• Description of the task
Your copy of the entries below should hold exactly the lines from the one containing "Awake NY Timberland" to the one containing "Richard Tyler", inclusive, and no pictures.

• Data supplied
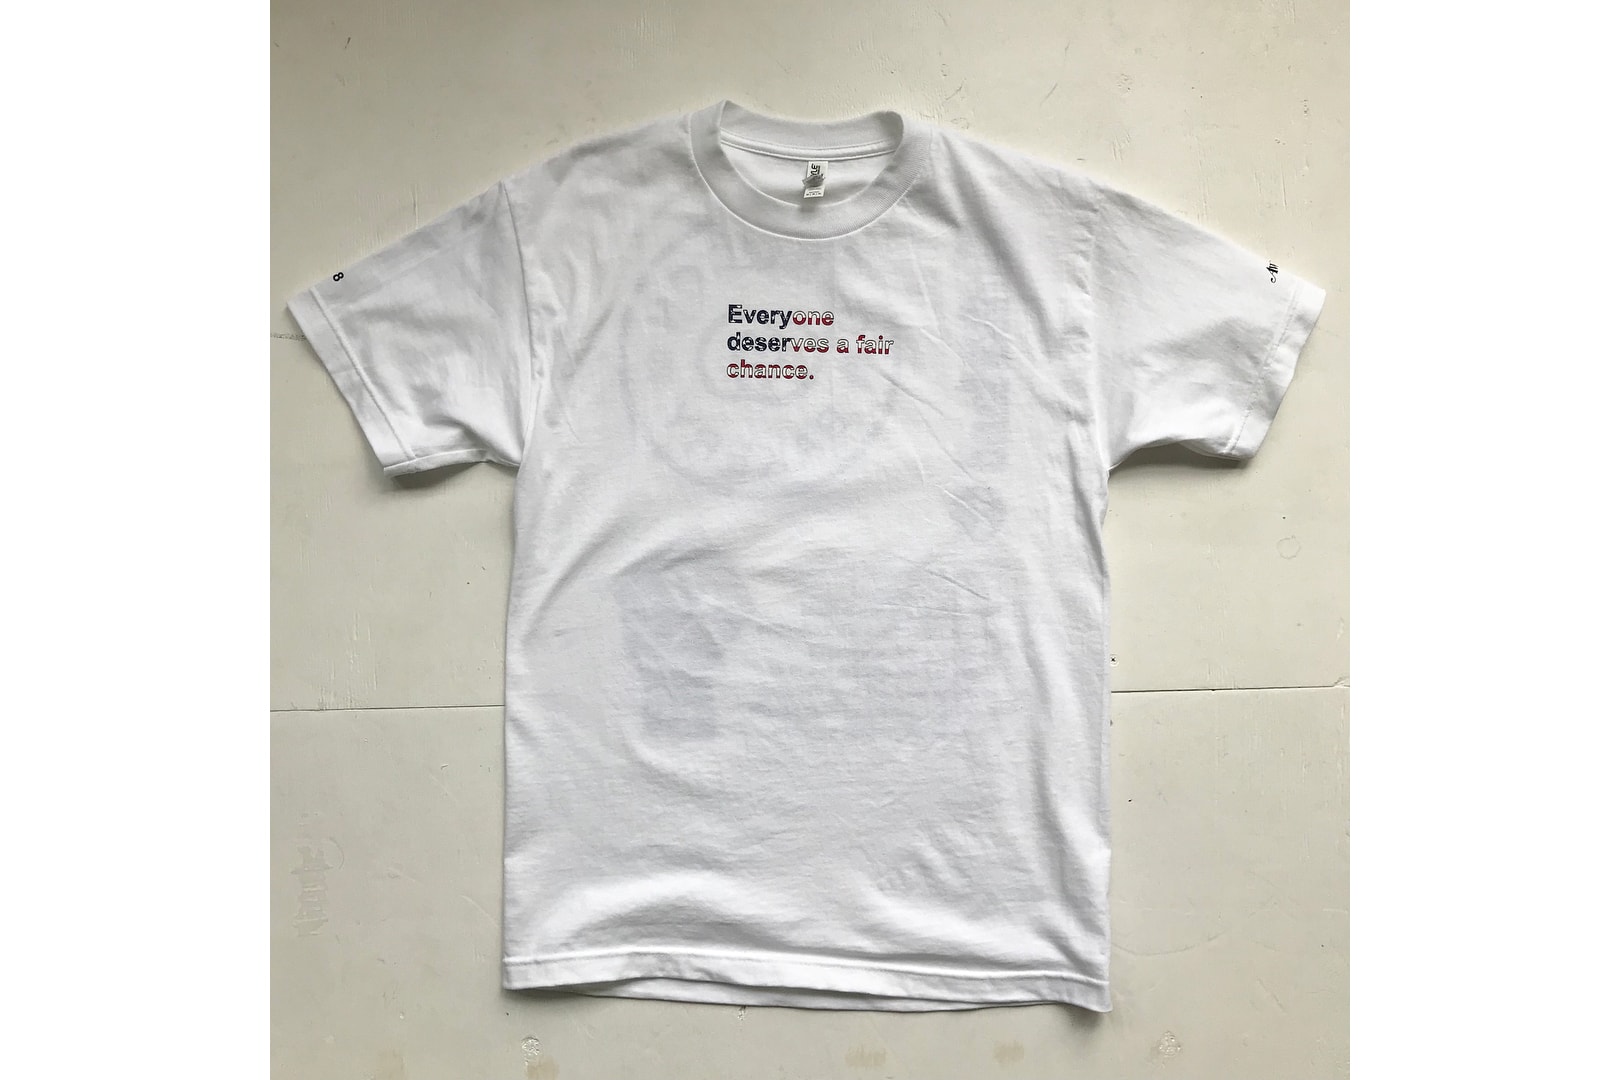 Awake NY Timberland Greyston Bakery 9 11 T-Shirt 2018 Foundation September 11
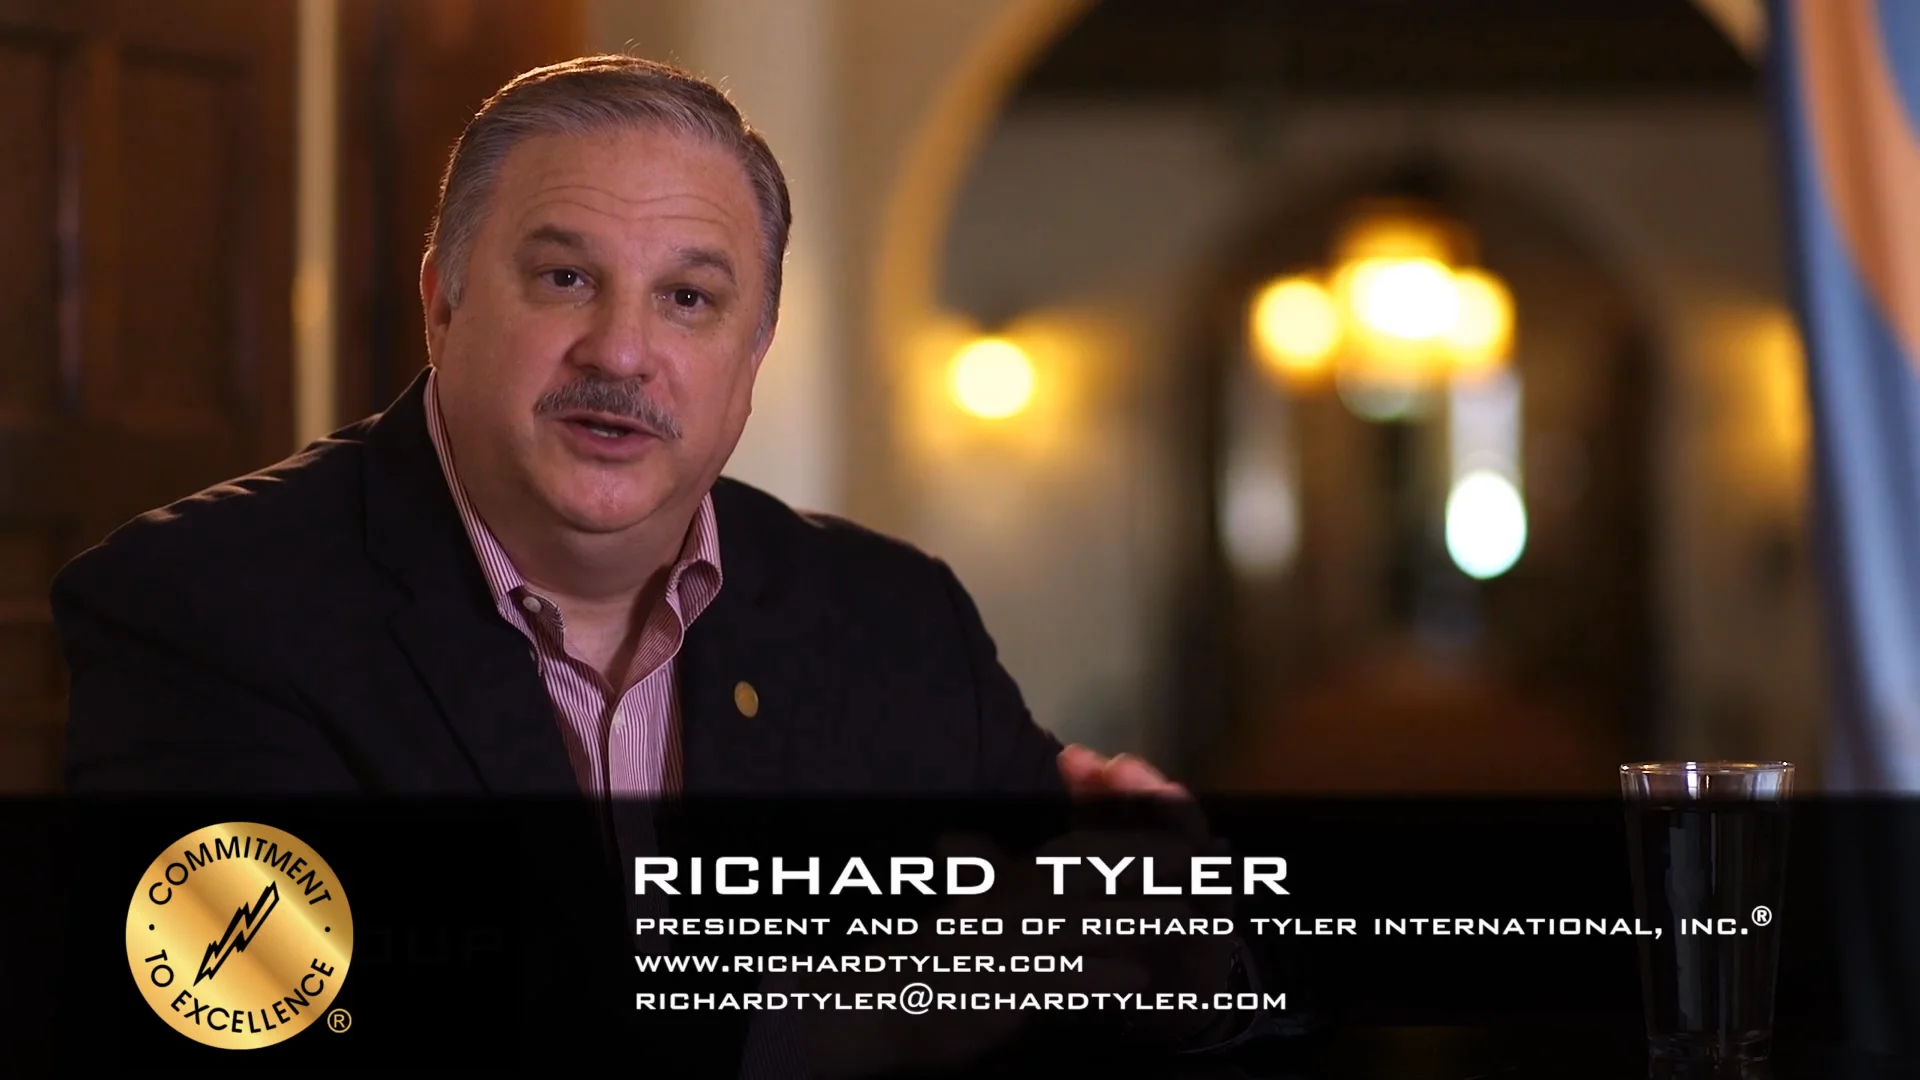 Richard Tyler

* * *

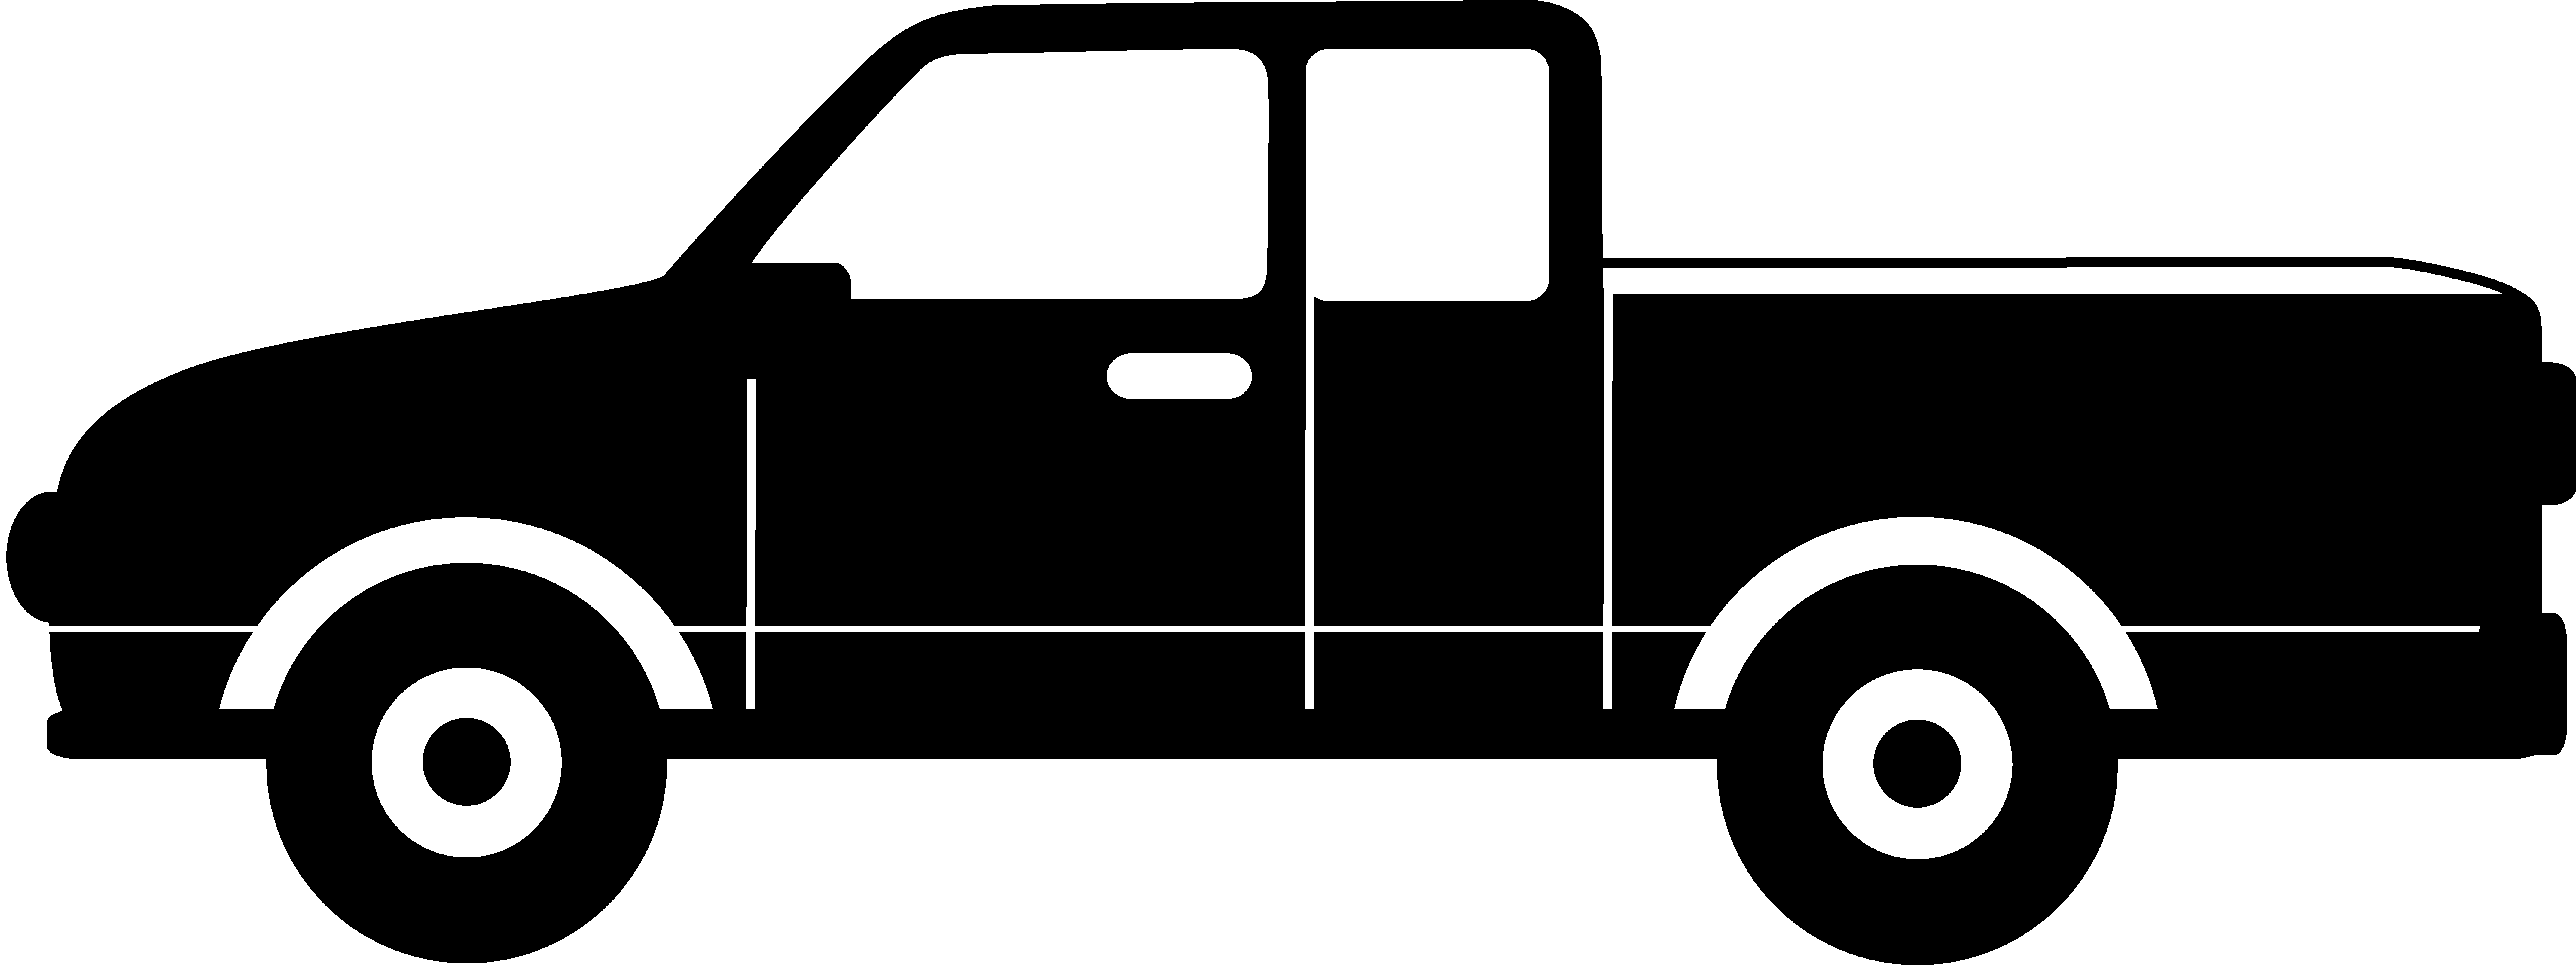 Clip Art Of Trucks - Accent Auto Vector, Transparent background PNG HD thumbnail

* * *

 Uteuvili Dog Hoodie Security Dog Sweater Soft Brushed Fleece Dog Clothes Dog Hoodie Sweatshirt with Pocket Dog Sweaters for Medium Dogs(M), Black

• Exercise solution
 Awake NY Timberland Greyston Bakery 9 11 T-Shirt 2018 Foundation September 11
 Richard Tyler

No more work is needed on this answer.